Но наличие этих периодов совсем не означает, что надо бросать одну семью и бегом заводить другую. Влюбленности проходят, а семья остается. Я, например, всегда умела обращать их на пользу себе и своей семье. У меня, когда я тайно симпатизировала кому-то другому, появлялось желание больше нравиться своему мужу. Я становилась энергичней, привлекательней, веселей. Чувство влюбленности возникало не по моей воле, спонтанно, но я не позволяла ему выходить из берегов, направляла его, корректировала…. – Это Жанна тихонько шептала Ане свои секреты «бытия». – А может, биология тут не причем? Все мы не идеальны, вот и ищем в ком-то другом то, чего не хватает в любимом человеке. Естественно, что найдя схожего, симпатизируем ему, может быть, даже немного влюбляемся, но любовь тут не причем. И мчаться сломя голову на диван к этому человеку по первому его зову или разбивать его и свою семью, считаю великой глупостью.
Я, лично, в таких случаях воображаю, что, обожая кого-то, читаю интересный роман, где я главная героиня и не более того. Я страдаю, переживаю, мучаюсь, но никогда не действую. Иногда довольно долго болею этой странной болезнью, но побеждаю ее. Это безобидно и полезно.
– А главное – детей от этого не бывает. – Вездесущая Инна и тут сумела услышать и вставить свое словцо. – После нескольких неудачных браков я презираю мужчин в основной их массе. Все зло от их похоти, распущенности и лени: проституция, педофилия, наркотики, алкоголь, несчастные судьбы наивных девушек, слезы брошенных детей. Если бы у меня была дочь или внучка, я бы ей сказала: «Не верь мужчинам, завлекай их, издевайся над ними и, не подпуская к себе, бросай», – энергично откликнулась она на «секретные» слова Жанны.
– Вот и я вплотную подошла к разгадке твоего феномена. Теперь я знаю, почему Бог не дал тебе ни дочек, ни внучек, только племянников помогаешь растить,– рассмеялась Жанна и тут же прикусила язык, испугавшись, что обидела Инну.

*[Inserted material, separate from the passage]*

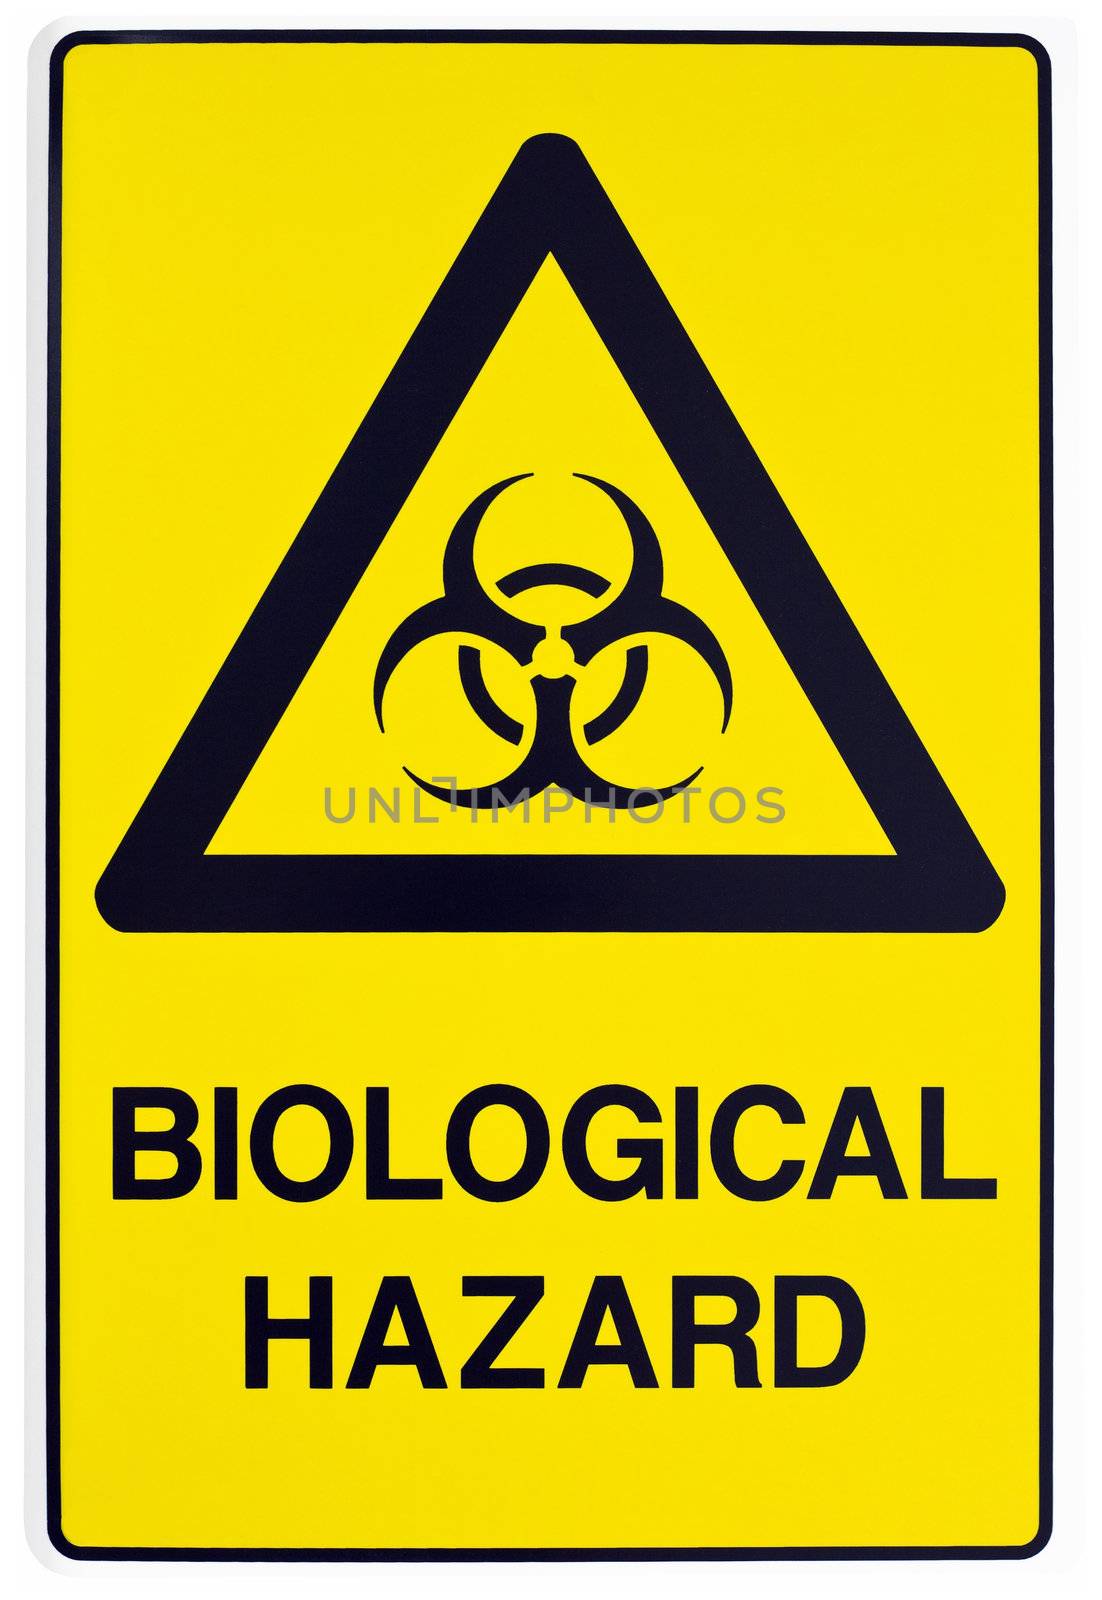 Biological hazard warning sign by Jaykayl

–…Их брак рухнул после той истории, – услышала Лена. – Это неожиданное известие совершенно опрокинуло мои представления об их семье, казавшейся мне надежной, – говорила о ком-то Аня. – На этот раз после его демонстративного хлопка дверью за ним никто не побежал, и он понял, что это конец. Стыд и злоба душили его: он уходил осмеянный. Ладно бы один на один, а то ведь при свидетелях. «Оскорбила, унизила!» Он думал, что тертый калач, что всегда держит ушки на макушке. Проиграл. А жене уже было безразлично, как он ее понял. С той поры пошли у него дела из рук вон плохо. Потом ничего, пообвык малость. Ко мне «подкатывался», пытался произвести впечатление, даже сестру просил замолвить передо мной словечко. Обижался, что не хочу вникать в его добрые намерения. Но мысль о нашем с ним браке казалась мне чересчур дикой. Он раны скоропалительной женитьбой хотел зализать, а мне зачем неуправляемый вепрь?
– Что, брака без расчета не бывает? – усмехнулась Инна. – Брак – это договор о закрепощении. Хорошо, если о взаимном и полюбовном.
– Прошло еще немного времени, он успокоился, присмотрелся и обзавелся новой семьей. Сложилось ли у него на этот раз, я постеснялась узнать, только спросила: «Что тебя мобилизовало на новый подвиг?» И он мне в шутку объяснил свою позиции в вопросе брака: «Между женатыми и холостыми мужчинами существует что-то вроде вражды. Женатые завидуют свободным, а те, в свою очередь, не выносят манеры «повязанных» изображать из себя более счастливых. Женатые с недоумением смотрят на мужчину в возрасте, хвастливо заявляющего: «Я холостой». Мол, что тут можно подумать? Раз никакая, даже самая никудышная не подобрала, значит, женилка не работает или руки не оттуда растут…
Инна зевнула в ладошку. Ее равнодушное любопытство было неприятно Ане, и она обиженно замолчала.
*
Лена открыла глаза. Похоже она немного вздремнула. Ей даже что-то снилось. Сознание уже работало, а тело еще не проснулось и было онемевшее.
Подруги, оберегая ее сон, тихонько шушукались и хихикали.
– …Она, не смущаясь, кликала себя штепселем, – вспомнила Аня.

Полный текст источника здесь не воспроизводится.